- Try it
Once you find the line with "Red-state Democrat Heidi" in the data below, transcribe exactly each line from there to the line with "Gdpr Seminar Fas", inclusive, and nothing else. Drop the pictures.

-- Extracted entries follows --

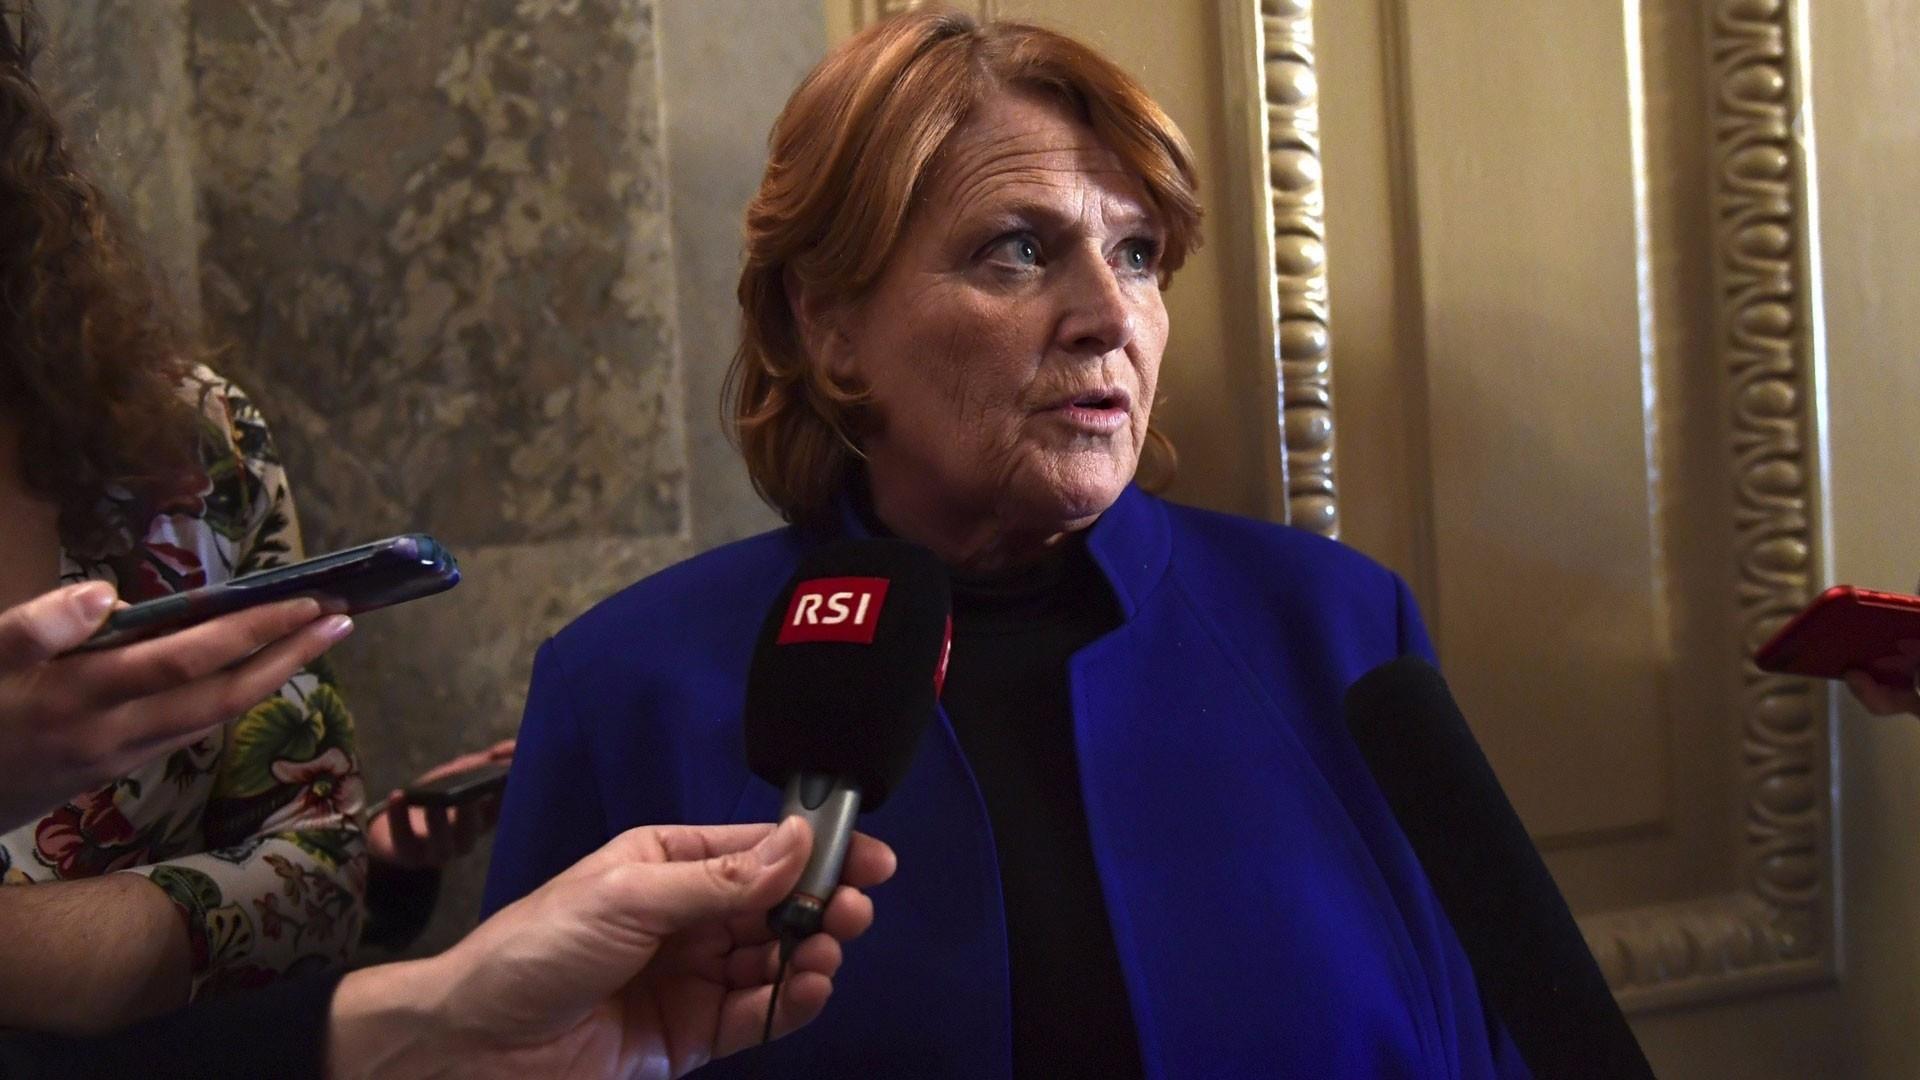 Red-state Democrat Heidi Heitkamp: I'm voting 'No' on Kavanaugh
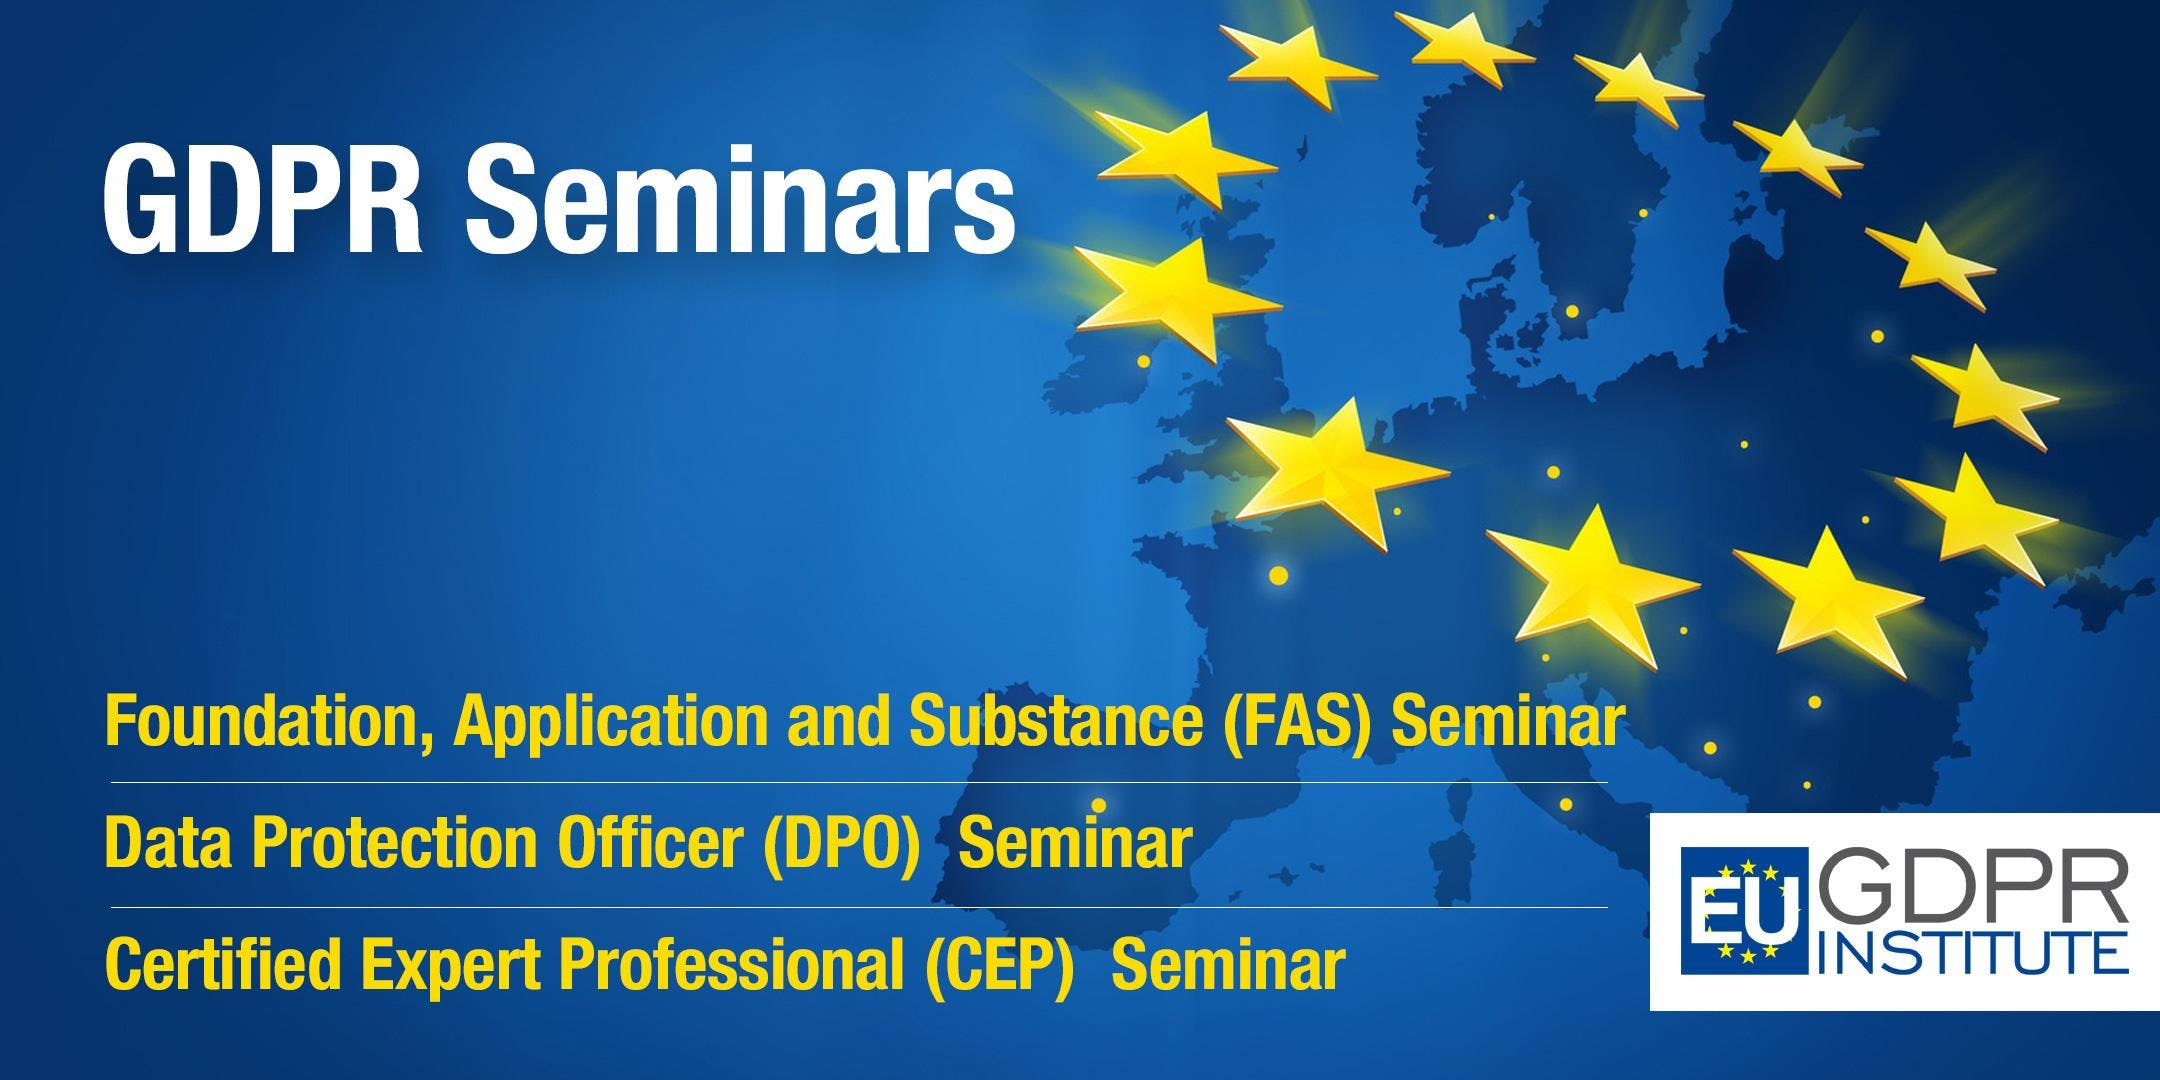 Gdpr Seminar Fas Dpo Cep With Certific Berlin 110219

-- Extracted entries concluded --
-- Extracted entries follows --

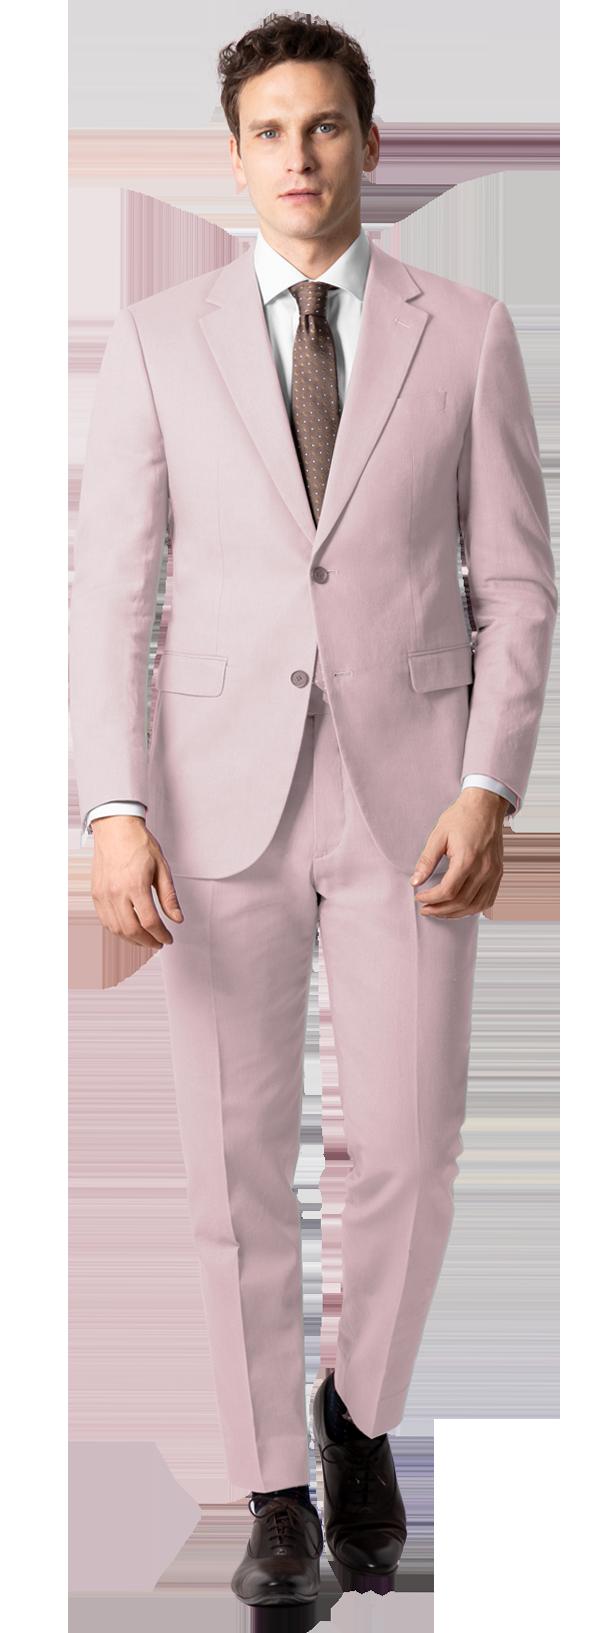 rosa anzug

-- Extracted entries concluded --

- Written response
 Red-state Democrat Heidi Heitkamp: I'm voting 'No' on Kavanaugh
 Gdpr Seminar Fas Dpo Cep With Certific Berlin 110219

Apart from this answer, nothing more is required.